» **PROVIDED DATA**:
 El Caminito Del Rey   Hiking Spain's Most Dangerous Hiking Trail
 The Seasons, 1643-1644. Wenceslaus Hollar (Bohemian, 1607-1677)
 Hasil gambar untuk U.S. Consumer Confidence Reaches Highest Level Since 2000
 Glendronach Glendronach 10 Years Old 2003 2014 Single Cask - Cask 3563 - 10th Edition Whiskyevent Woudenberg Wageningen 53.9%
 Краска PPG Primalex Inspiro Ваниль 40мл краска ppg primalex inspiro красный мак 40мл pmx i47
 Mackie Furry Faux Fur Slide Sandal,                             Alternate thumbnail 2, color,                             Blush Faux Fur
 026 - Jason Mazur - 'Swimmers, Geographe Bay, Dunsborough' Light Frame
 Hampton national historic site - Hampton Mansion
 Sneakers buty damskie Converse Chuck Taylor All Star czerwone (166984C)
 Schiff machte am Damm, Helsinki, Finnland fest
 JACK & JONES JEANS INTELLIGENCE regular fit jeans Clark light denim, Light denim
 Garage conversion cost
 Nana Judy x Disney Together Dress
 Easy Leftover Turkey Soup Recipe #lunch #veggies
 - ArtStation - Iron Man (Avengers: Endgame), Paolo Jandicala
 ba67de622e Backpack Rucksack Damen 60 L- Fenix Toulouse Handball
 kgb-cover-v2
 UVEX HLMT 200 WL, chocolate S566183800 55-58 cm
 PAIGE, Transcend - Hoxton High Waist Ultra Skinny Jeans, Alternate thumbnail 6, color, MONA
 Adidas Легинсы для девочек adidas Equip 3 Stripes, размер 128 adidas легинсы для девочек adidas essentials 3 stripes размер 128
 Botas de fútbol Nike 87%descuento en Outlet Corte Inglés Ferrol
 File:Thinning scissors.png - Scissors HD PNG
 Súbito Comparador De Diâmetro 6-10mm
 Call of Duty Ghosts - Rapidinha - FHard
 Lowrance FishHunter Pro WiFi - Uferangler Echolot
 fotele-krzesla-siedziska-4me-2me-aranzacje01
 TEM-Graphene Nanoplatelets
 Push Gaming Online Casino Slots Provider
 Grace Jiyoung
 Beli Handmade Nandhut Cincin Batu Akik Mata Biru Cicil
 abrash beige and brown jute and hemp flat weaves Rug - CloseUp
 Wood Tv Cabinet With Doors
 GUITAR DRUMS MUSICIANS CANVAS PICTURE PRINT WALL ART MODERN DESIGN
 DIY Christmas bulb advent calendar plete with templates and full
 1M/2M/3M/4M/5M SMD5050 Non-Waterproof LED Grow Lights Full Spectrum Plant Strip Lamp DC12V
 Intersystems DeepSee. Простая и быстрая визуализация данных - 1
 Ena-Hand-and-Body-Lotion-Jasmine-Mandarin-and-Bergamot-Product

» **TASK INSTRUCTIONS**:
Reproduce only the lines above, starting at the line with "kgb-cover-v2" and ending at the line with "1M/2M/3M/4M/5M SMD5050 Non-Waterproof", exactly as written.

» **COMPLETED EXERCISE**:
 kgb-cover-v2
 UVEX HLMT 200 WL, chocolate S566183800 55-58 cm
 PAIGE, Transcend - Hoxton High Waist Ultra Skinny Jeans, Alternate thumbnail 6, color, MONA
 Adidas Легинсы для девочек adidas Equip 3 Stripes, размер 128 adidas легинсы для девочек adidas essentials 3 stripes размер 128
 Botas de fútbol Nike 87%descuento en Outlet Corte Inglés Ferrol
 File:Thinning scissors.png - Scissors HD PNG
 Súbito Comparador De Diâmetro 6-10mm
 Call of Duty Ghosts - Rapidinha - FHard
 Lowrance FishHunter Pro WiFi - Uferangler Echolot
 fotele-krzesla-siedziska-4me-2me-aranzacje01
 TEM-Graphene Nanoplatelets
 Push Gaming Online Casino Slots Provider
 Grace Jiyoung
 Beli Handmade Nandhut Cincin Batu Akik Mata Biru Cicil
 abrash beige and brown jute and hemp flat weaves Rug - CloseUp
 Wood Tv Cabinet With Doors
 GUITAR DRUMS MUSICIANS CANVAS PICTURE PRINT WALL ART MODERN DESIGN
 DIY Christmas bulb advent calendar plete with templates and full
 1M/2M/3M/4M/5M SMD5050 Non-Waterproof LED Grow Lights Full Spectrum Plant Strip Lamp DC12V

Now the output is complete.